A table containing calculated Bloom filter sizes for different input parameters is available in Bloom filter sizes.

Background & motivation

When querying data contained in Apache Parquet files, there are several techniques you can use to make queries faster. One method uses Bloom filters to prune entire row/column chunks. Bloom filters are particularly useful for columns that contain many distinct pseudo-random values, e.g., identifiers or UUIDs. This differs from columns that contain ordered data, have lower cardinality, or are already pruned effectively by min/max statistics in row group metadata. Support for Bloom filters is available in the Apache Rust2 and Java3 implementations of the Parquet format and the Apache DataFusion query engine support Bloom filters.

At InfluxData we frequently work with high-cardinality data and are considering several indexing strategies. Given Bloom filters are part of Apache Parquet and the libraries we use to support them, they are an appealing choice. However, there was a lack of information related to how effective they are in practice or how to set the tuning knobs. Specifically, we wanted to know:

  • How much do Bloom filters increase the size of Parquet files?
  • How much do Parquet Bloom filters improve query performance for data with high-cardinality, e.g., 100k to 1M distinct values?

Use case for Bloom filters

Consider the example Parquet file in Figure 1, which stores CPU usage for containers running on various host servers hosted in different cloud regions.

bloom-filters

Figure 1: Example Parquet file with three columns ordered by increasing cardinality as well as a time and cpu column; region has a cardinality of 10, host a cardinality of 1,000, and container_id a cardinality of 1,000,000. The cardinality of the data set corresponds to that of the highest cardinality column, i.e., 1,000,000. This Parquet file consists of two row groups, each with metadata containing the min and max values for each column.

Rows in this Parquet file are ordered by region, then host, and then container_id, to match the hierarchy of the entities producing the data. In practice, there would be many rows, i.e., representing the CPU usage at different timestamps, for each unique combination of region, host, and container_id.
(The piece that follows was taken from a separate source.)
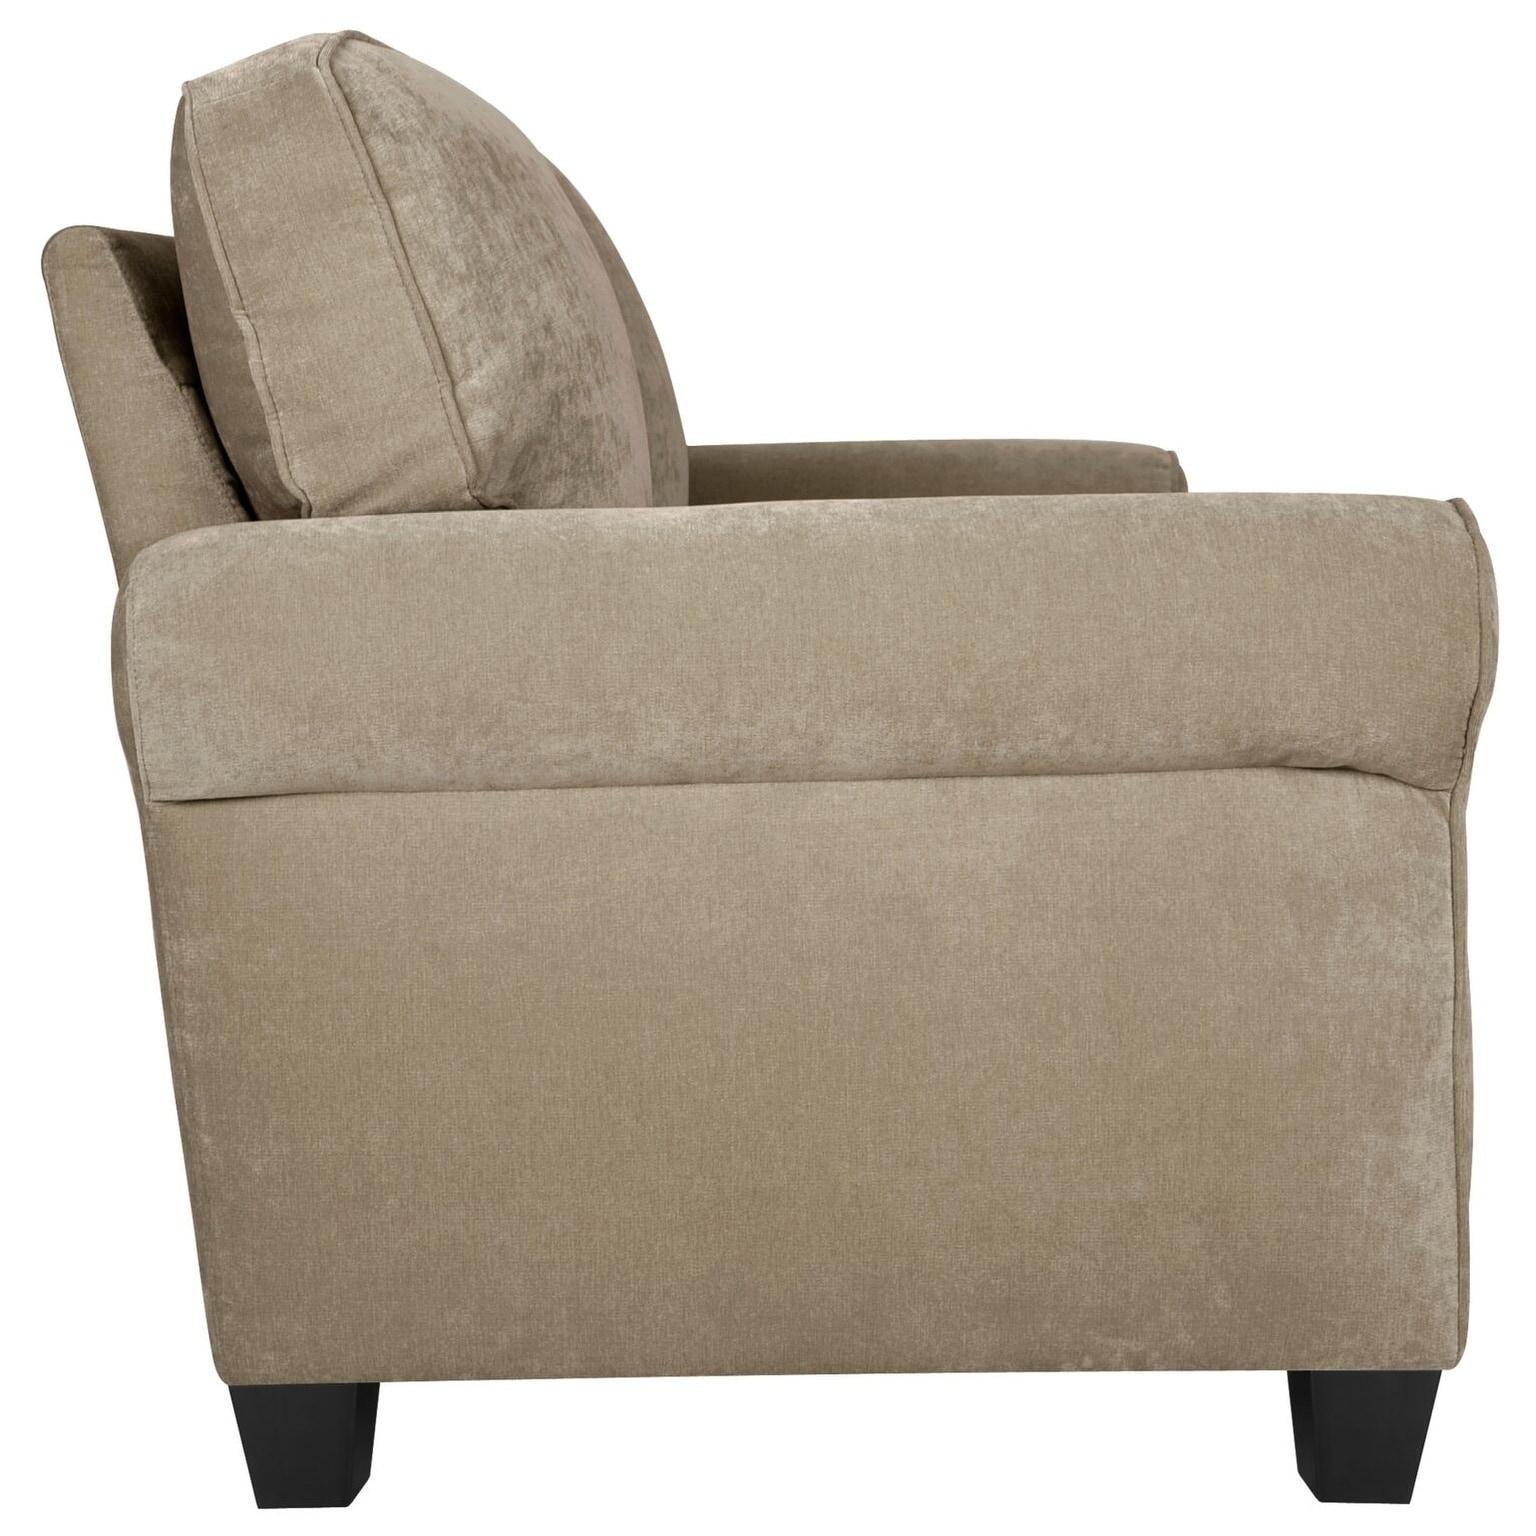 Enjoyable Serta Copenhagen 78 Inch Sofa Machost Co Dining Chair Design Ideas Machostcouk

If we query the Parquet file in Figure 1 using region and container_id as a predicate, e.g.,

SELECT * FROM 'fig1.parquet' WHERE region = 'us-east-2' AND container_id = 'CCC';

then the query engine will prune Row Group 2, given that us-east-2 is outside the min/max values for the region column contained in Row Group 2’s metadata, and therefore will only decode rows from Row Group 1. However, if we query using only container_id, e.g.,

SELECT * FROM 'fig1.parquet' WHERE container_id = 'CCC';

then the query engine must scan both row groups, because the metadata alone cannot rule out either group based on their respective min/max of container_id values (the value CCC falls in both ranges AAA..DDD and BBB..FFF).

This is where Bloom filters come in. Applying a Bloom filter to the container_id column enables the query engine to prune row groups when that column is used as the predicate.

Parquet’s Bloom filter implementation

Parquet uses Split Block Bloom filters (SBBF). When writing Parquet data, an SBBF is configured on a per-column basis by specifying the following parameters:

  • Number of distinct values (NDV)
  • False positive probability (FPP)

Bloom Filters are read from a Parquet file using their length and offset, which are stored in the metadata for each row group and are used by DataFusion to filter out entire row groups when querying a file. It seems reasonable to assume that NDV should closely match the cardinality of the column it is applied to, but the larger the NDV, the more space the Bloom filter occupies in the file.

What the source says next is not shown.